Une nouvelle étude publiée dans The Horological Journal a permis de prouver, à partir de techniques statistiques issues de la physique, notamment l’étude des ondes gravitationnelles, que l’anneau de calendrier du mécanisme a été conçu pour suivre le calendrier lunaire. Cela contredit une hypothèse vieille d’un siècle parmi les spécialistes du mécanisme selon laquelle l’anneau de calendrier avait 365 trous, correspondant ainsi à un calendrier solaire, mais cela concorde avec les conclusions d’une analyse de 2020.

« C’est une symétrie parfaite que d’avoir adapté les techniques que nous utilisons aujourd’hui pour étudier l’univers afin de mieux comprendre un mécanisme qui a permis aux hommes de suivre les cieux il y a près de deux millénaires », a déclaré Graham Woan, co-auteur de l’étude et astrophysicien à l’Université de Glasgow. « Nous espérons que nos découvertes sur le mécanisme d’Anticythère, bien que moins spectaculaires que celles d’Indiana Jones, nous aideront à mieux comprendre comment ce remarquable dispositif a été fabriqué et utilisé par les Grecs. »

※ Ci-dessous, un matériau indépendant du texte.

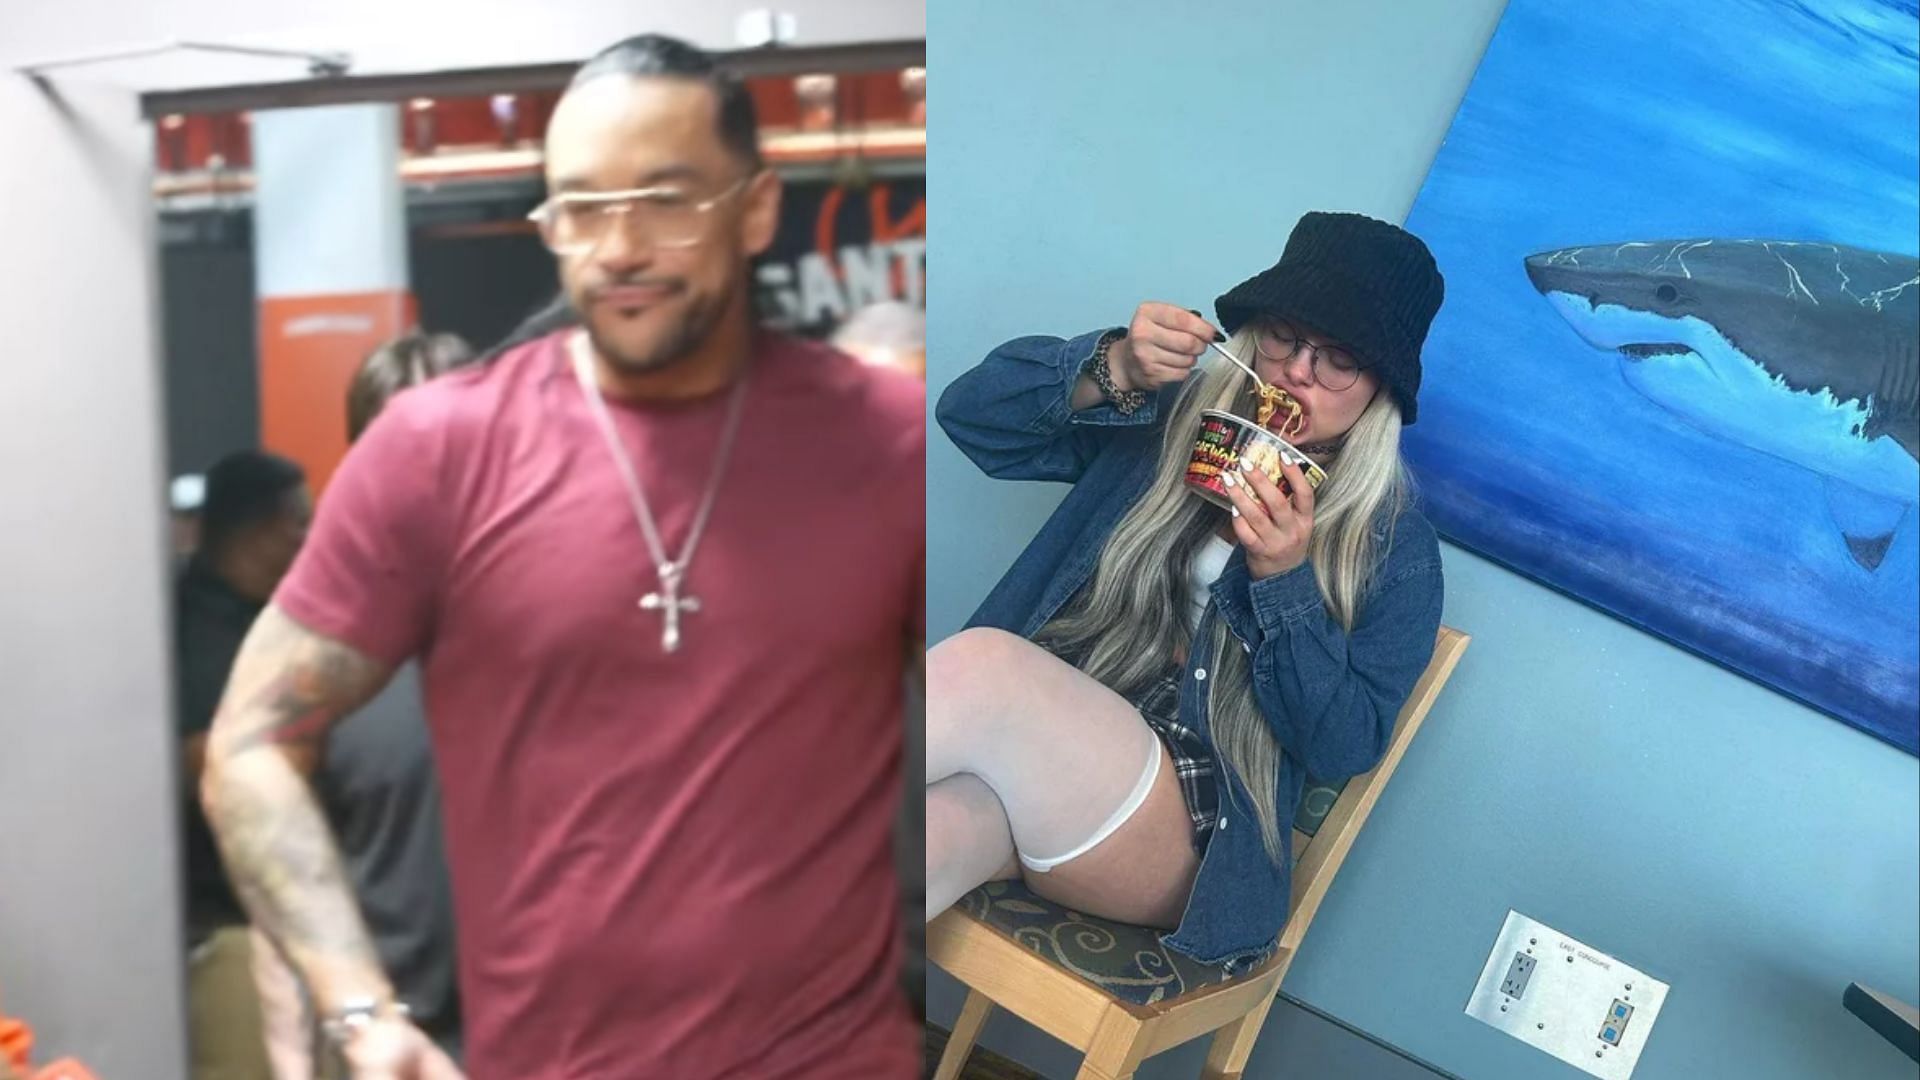 Damian Priest and Liv Morgan were seen accompanying the star over the weekend

Comme nous l’avons déjà signalé, un plongeur grec, Elias Stadiatis, a découvert l’épave d’un ancien cargo en 1900 au large de l’île d’Anticythère en Grèce. Lui et d’autres plongeurs ont récupéré toutes sortes d’objets du navire. Un an plus tard, un archéologue du nom de Valerios Stais étudiait ce qu’il pensait être un morceau de roche récupéré de l’épave lorsqu’il a remarqué qu’il y avait une roue dentée encastrée dedans. Il s’est avéré qu’il s’agissait d’un ancien dispositif mécanique. Le mécanisme d’Anticythère est désormais conservé au Musée archéologique national d’Athènes.

En 1951, un historien des sciences britannique du nom de Derek J. de Solla Price a commencé à étudier le fonctionnement théorique de l’appareil. En se basant sur des photographies aux rayons X et aux rayons gamma des fragments, Price et le physicien Charalambos Karakalos ont publié un article de 70 pages en 1959 dans les Transactions of the American Philosophical Society. Sur la base de ces images, ils ont émis l’hypothèse que le mécanisme avait été utilisé pour calculer les mouvements des étoiles et des planètes, ce qui en ferait le premier ordinateur analogique connu.

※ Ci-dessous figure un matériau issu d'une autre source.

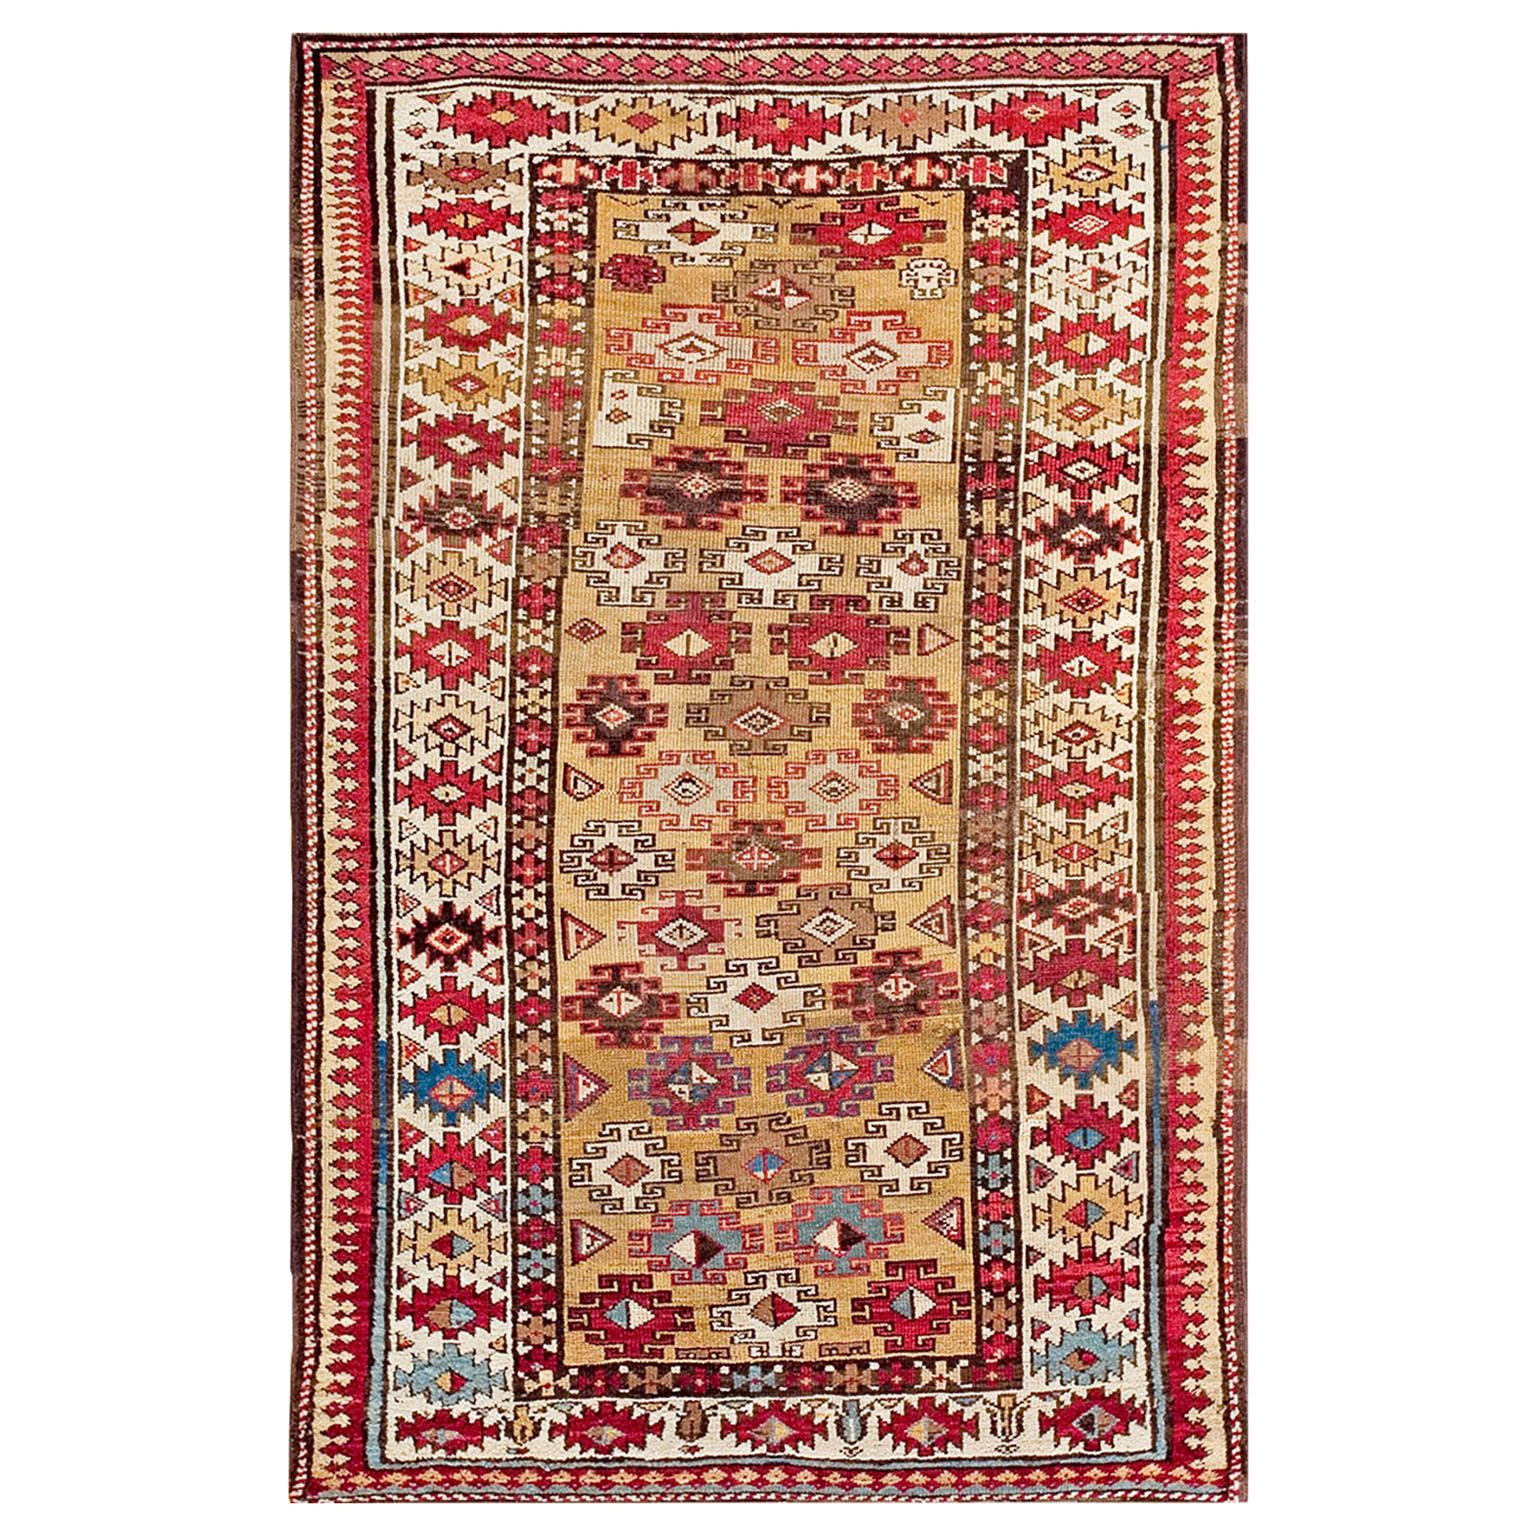 Early 20th Century S. Caucasian Moghan Carpet ( 3'6" x 5'7" - 107 x 170 ) For Sale

Le mécanisme d'Anticythère a inspiré le titre
Agrandir / Le mécanisme d’Anticythère a inspiré le « Cadran du destin » dans un film d’Indiana Jones de 2023.

Disney/Lucasfilm

Michael Wright, alors conservateur du département de génie mécanique au Science Museum de Londres, a fait la une des journaux en 2002 avec de nouvelles images aux rayons X plus détaillées de l’appareil prises par tomographie linéaire. L’analyse plus approfondie de Wright a révélé un engrenage central fixe dans la roue principale du mécanisme, autour duquel d’autres engrenages mobiles pouvaient tourner. Il en a conclu que l’appareil avait été spécifiquement conçu pour modéliser le mouvement « épicycloïdal », conformément à la notion grecque antique selon laquelle les corps célestes se déplaçaient selon des schémas circulaires appelés épicycles. (C’était avant Copernic, donc le point fixe autour duquel ils se déplaçaient était censé être la Terre.)

En 2021, une équipe interdisciplinaire de l’University College London (UCL), dirigée par l’ingénieur en mécanique Tony Freeth, professeur honoraire à l’University College London, a présenté un nouveau modèle informatique, révélant une représentation éblouissante du cosmos grec antique. Les efforts de l’équipe se sont appuyés sur les travaux de Wright dans le cadre du projet de recherche en cours sur le mécanisme d’Antikythera, qui a entrepris une imagerie à rayons X 3D plus avancée avec l’aide de X-Tek Systems au Royaume-Uni et de Hewlett-Packard, entre autres. Ces images ont révélé beaucoup plus de la transcription grecque originale, confirmant qu’il s’agissait d’un ordinateur astronomique utilisé pour prédire les positions des corps célestes dans le ciel. Il est probable que le mécanisme d’Antikythera comptait autrefois 37 engrenages, dont 30 subsistent, et que sa face avant comportait des graduations indiquant le cycle solaire et le zodiaque, ainsi que des pointeurs pour indiquer les positions du Soleil et de la Lune.